### GIVEN INFORMATION ###

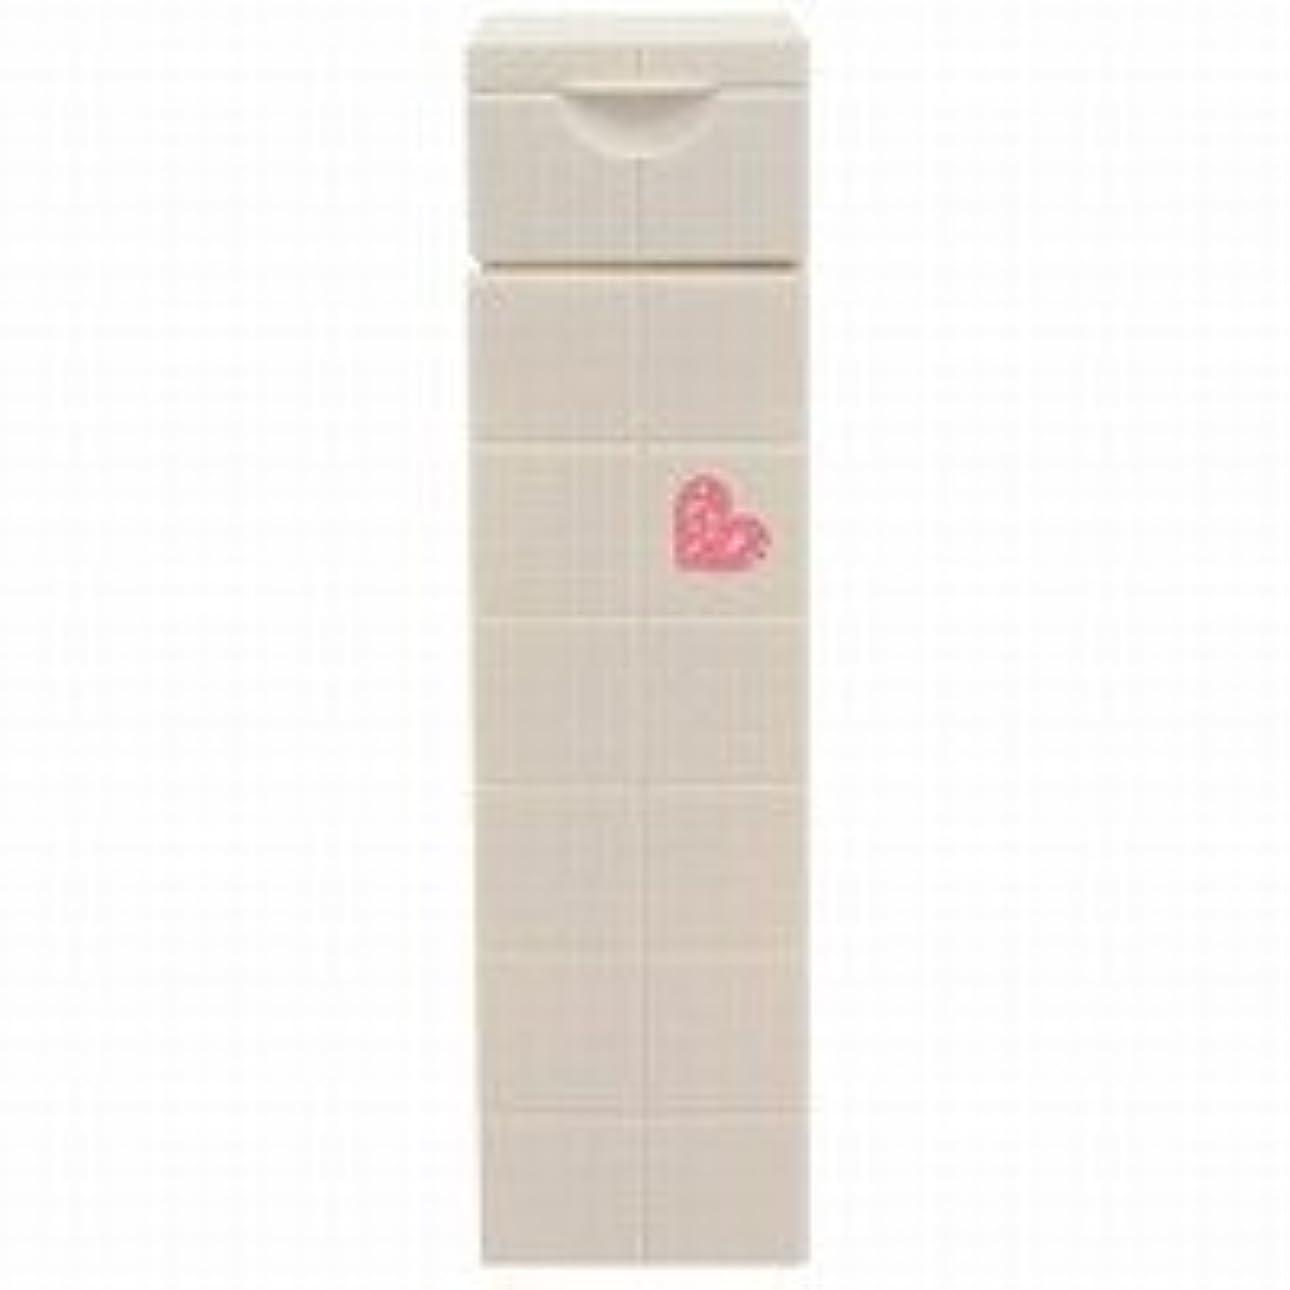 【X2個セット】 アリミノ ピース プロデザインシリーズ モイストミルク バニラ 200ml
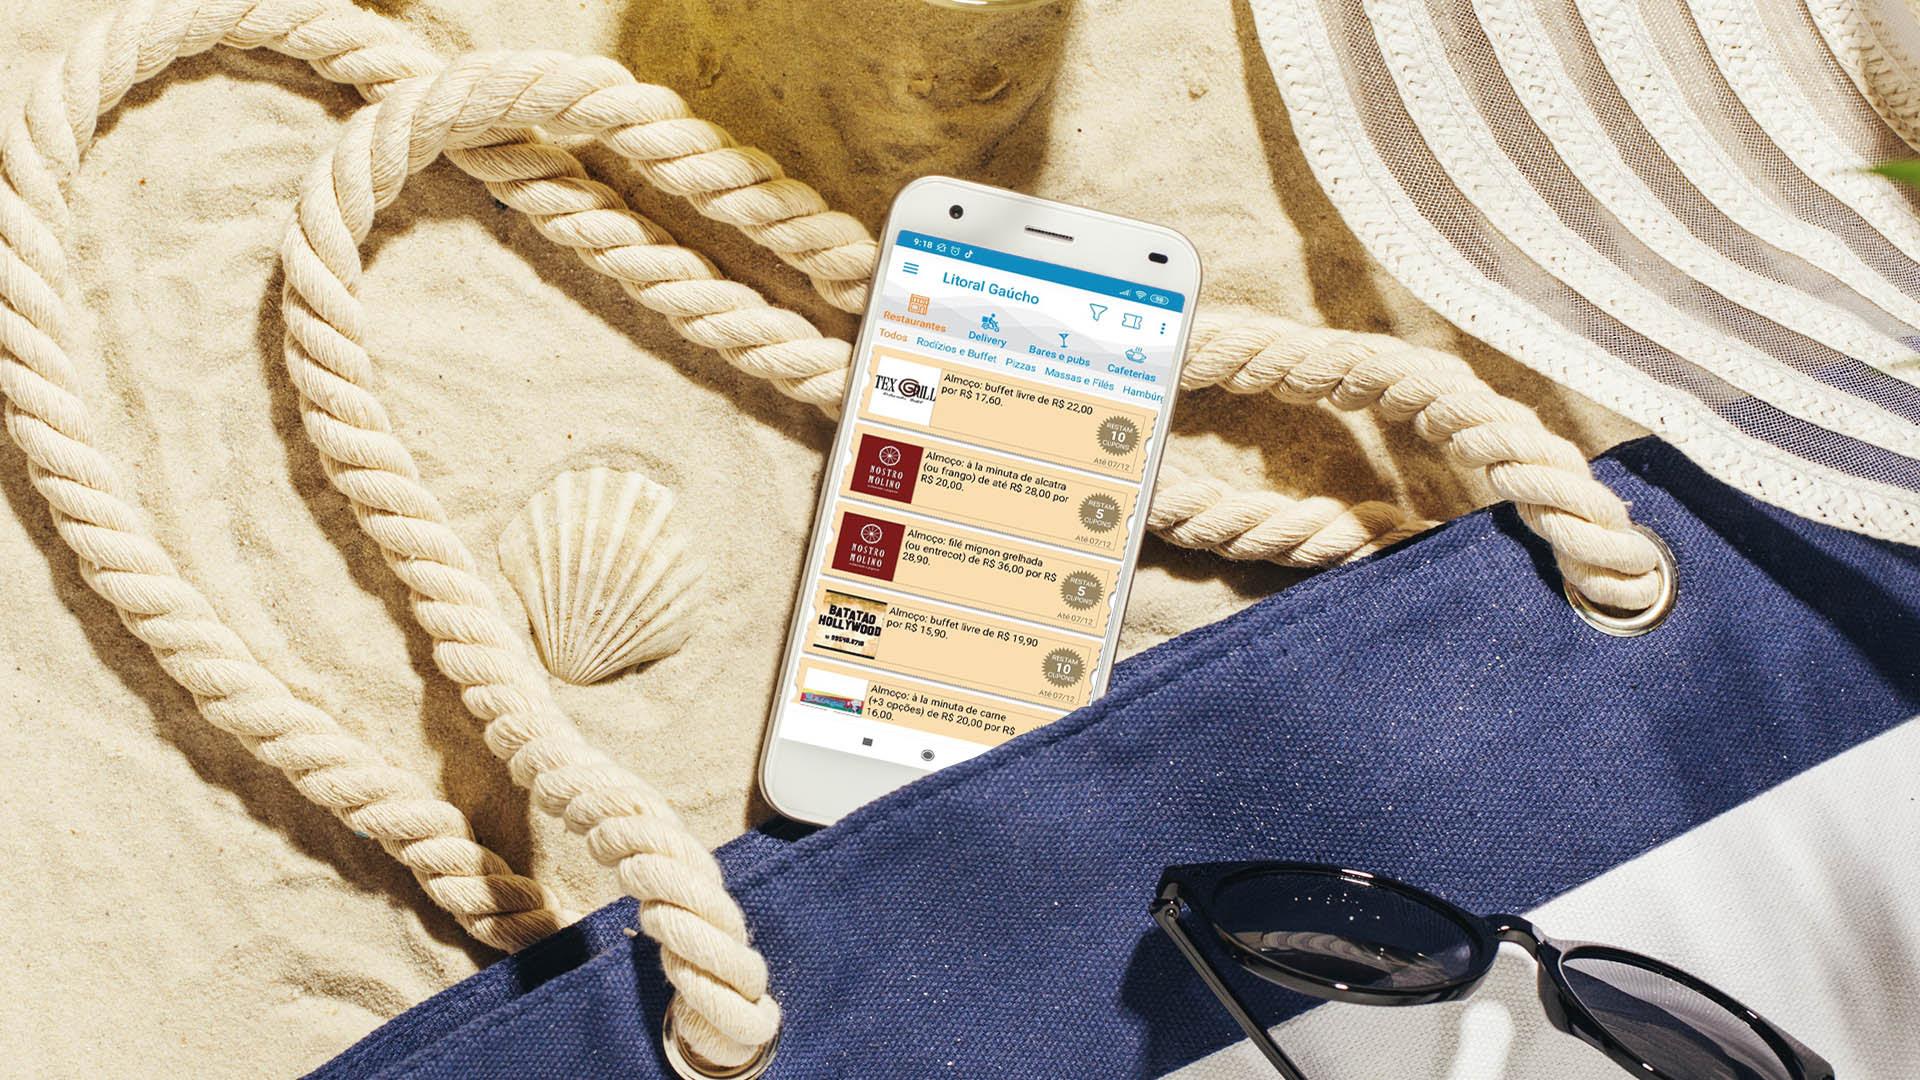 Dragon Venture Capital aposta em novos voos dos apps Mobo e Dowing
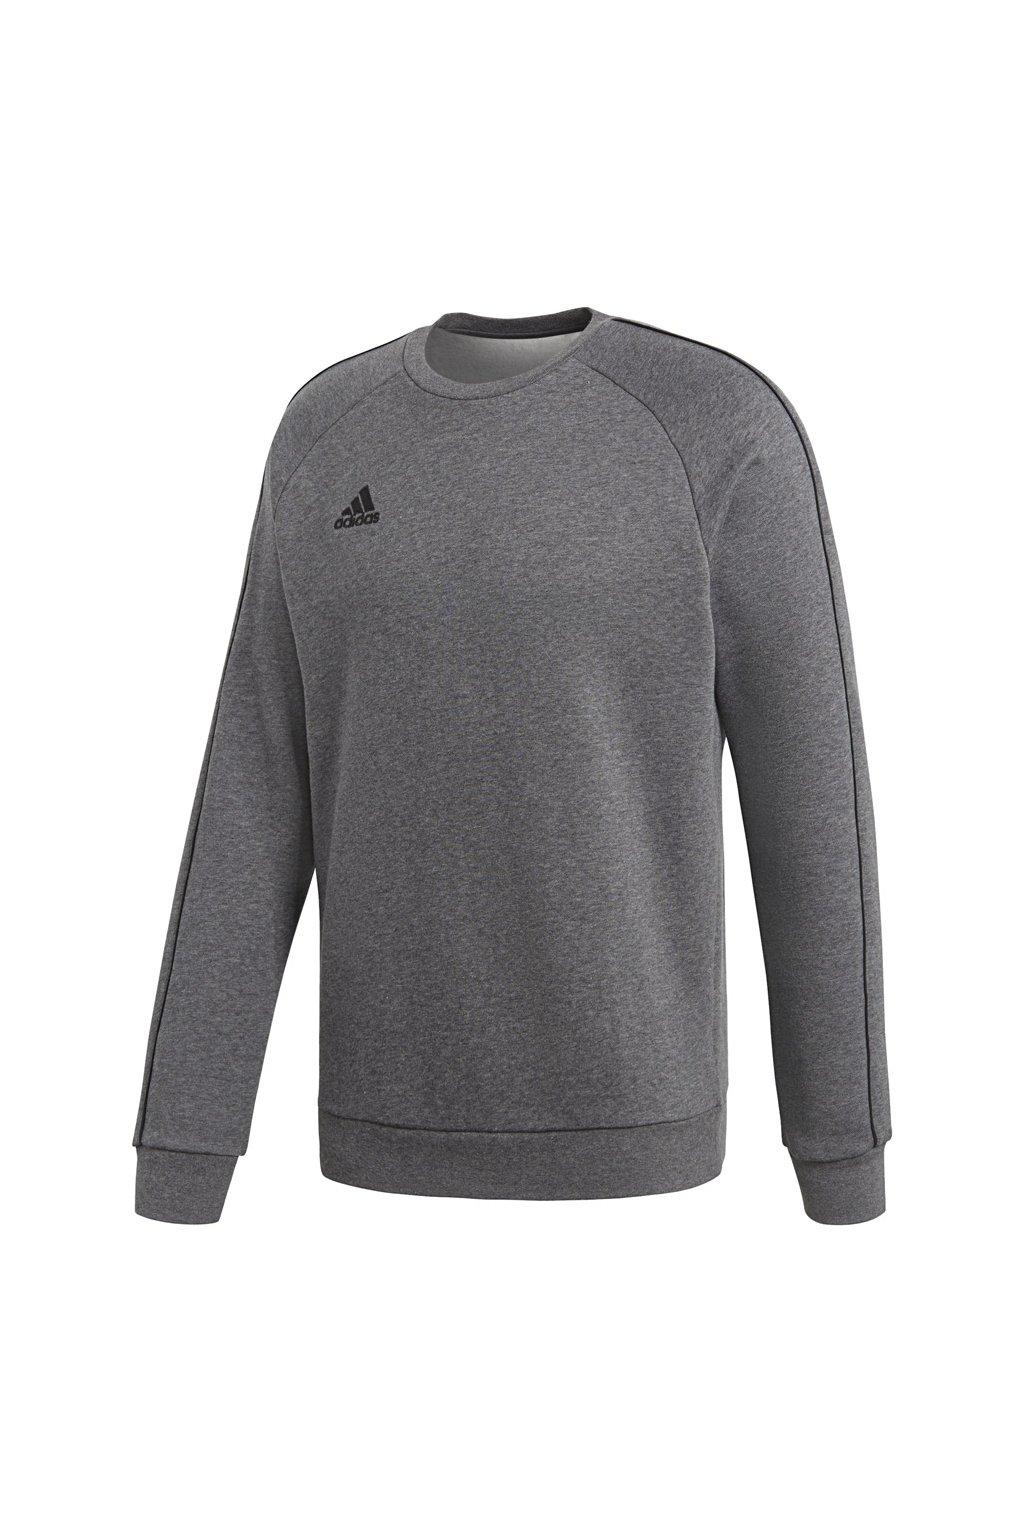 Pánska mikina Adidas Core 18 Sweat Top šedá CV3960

###

REQUIRED WORK:
Everything in the data except the pictures needs to be written out exactly.

TASK ANSWER:
 【X2個セット】 アリミノ ピース プロデザインシリーズ モイストミルク バニラ 200ml
 Dragon Venture Capital aposta em novos voos dos apps Mobo e Dowing
 Pánska mikina Adidas Core 18 Sweat Top šedá CV3960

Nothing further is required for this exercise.